2.新潟県立大学・国際地域学部・国際地域学科(2014年度・推薦)
【課題文の内容】出典:『知に働けば蔵が建つ』
当今の病院では、患者がどの科を受診しているかを他の患者に知らせないために、院内放送での呼び出しに個人情報を用いず「受付番号」を用いているそうだ。しかし、共同体の中における一人の立ち位置についての情報を非公開にすることから得られる利益はそれによって逸失される利益よりも大きいと断言できるのだろうか。今進められている個人情報保護は、私たちが属している共同体の他のメンバーから私の個人情報を保護するということにむしろ力点が置かれている。それは、共同体の他のメンバーは私の潜在的な「敵」だということ、私の個人情報を知ればそれを悪用する可能性が高い人間たちと私たちは共同体を形成しているのだということを含意している。個人と共同体を潜在的な敵対関係としてとらえる考え方は、中間的な共同体が解体されたあと、個人と社会が緩衝帯抜きでダイレクトに向き合う「リスク社会」に固有のものであるので、このような考え方はきわめて最近になって定着したものである。

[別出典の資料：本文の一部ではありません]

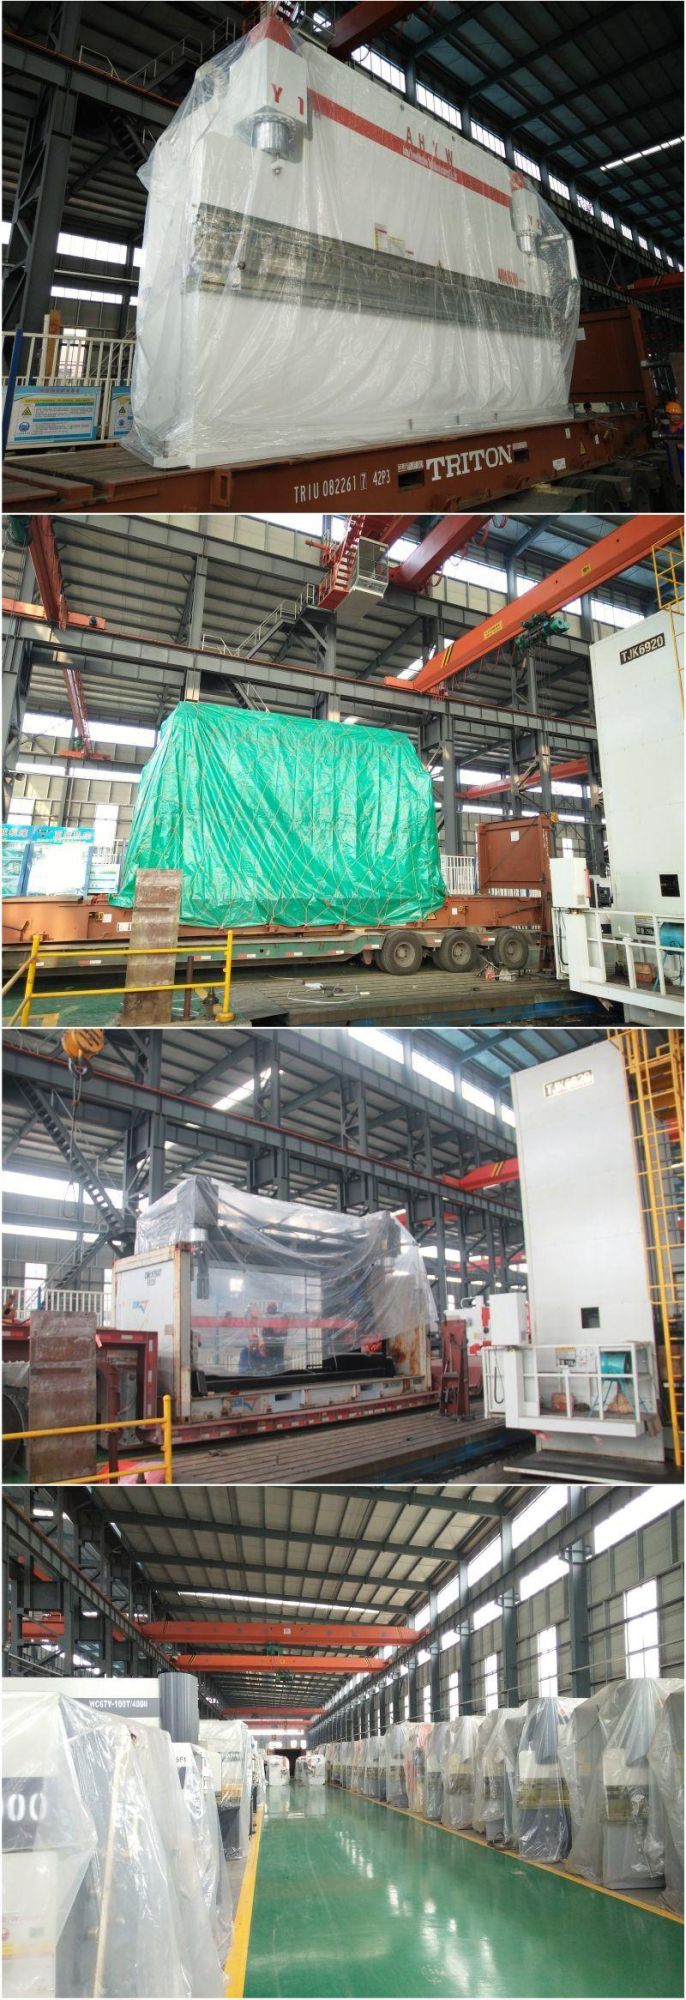 Ahyw Anhui Yawei Transformer Industry Press Brake with Open Height Ssab Hardox Steel

ほんらい私たちは個人である前に大小さまざまな規模の共生体の一員である。例えば、家族の一員である前に個人であるような人間はこの世に存在しない。まずアモルファスな共生体があり、個人はその共生体内部で果たしている分化的機能(家族内部的地位、性別、年齢、能力、見識などなど)に応じて、共生体内部の特異点として記号的に析出されてゆくのである。つまり、個人は共同体の「結節点」として構築されるものである。それ故、個人情報というのは個人が「所有する」ものではなく、むしろその人を取り囲む共同体メンバーがその人に「贈与する」ものである。「私の情報は私のものだ」と言いつのっている人間は、いずれ共有されない情報には情報としての価値はないということ気づくことになる。
●設問1
筆者は個人情報とは、いかなるものであると主張しているか。本文の内容から読み取って要約しなさい。字数は、70字以上100字以内とする。
〈解説〉
本文中にある、「個人情報というのは個人が『所有するもの』ではなく、むしろその人を取り囲む共同体メンバーがその人に『贈与する』ものである。」という部分が個人情報についいて述べた部分であり、「共有されない情報には情報としての価値はない」という部分等を肉付けして100字近くになるように要約する。
●設問2
傍線部の、個人情報を非公開にすることから得られる利益の方が、それによって失われる利益よりも大きいとは限らない、という筆者の見解に、あなたは同意するか、それとも同意しないか。また、それはなぜか。まず筆者の見解を支えている議論の要点をまとめたうえで、あなたの考えを論じなさい。字数は、600字以上800字以内とする。
〈解説〉
筆者の見解を支えている議論の要点は、「個人情報保護は、現に私たちが属している共同体の他のメンバーから私の個人情報を保護するということにむしろ力点が置かれている。それは、共同体の他のメンバーは私の潜在的な『敵』だということ、私の個人情報を知ればそれを悪用する可能性が高い人間たちと私たちは共同体を形成しているのだということを含意している。」というところにある。
これを踏まえて、まず個人情報保護が進んできた社会的背景を考える。次に、自分はどのような場合に、どのような情報を非公開にしているかを考えたうえで、情報を非公開にすることから得られる利益(メリット)、失われる利益(デメリット)を考える。そのうえで、自分はどちらの立場をとるか、根拠を示しながら説明する。
このような設問の場合、筆者と同じ立場をとることが多い。そのとき、筆者と同じような例示や理由にならないように注意するとともに、どのような反論が考えられるかを考慮する必要がある。また、筆者の意見に対して反論を述べる場合は、読み手が納得する根拠(理由、具体例)を挙げて説明することを心がけよう。
600字以上800字以内とあるが、できるだけ最後の行まで書き、自分の意欲を示す必要がある。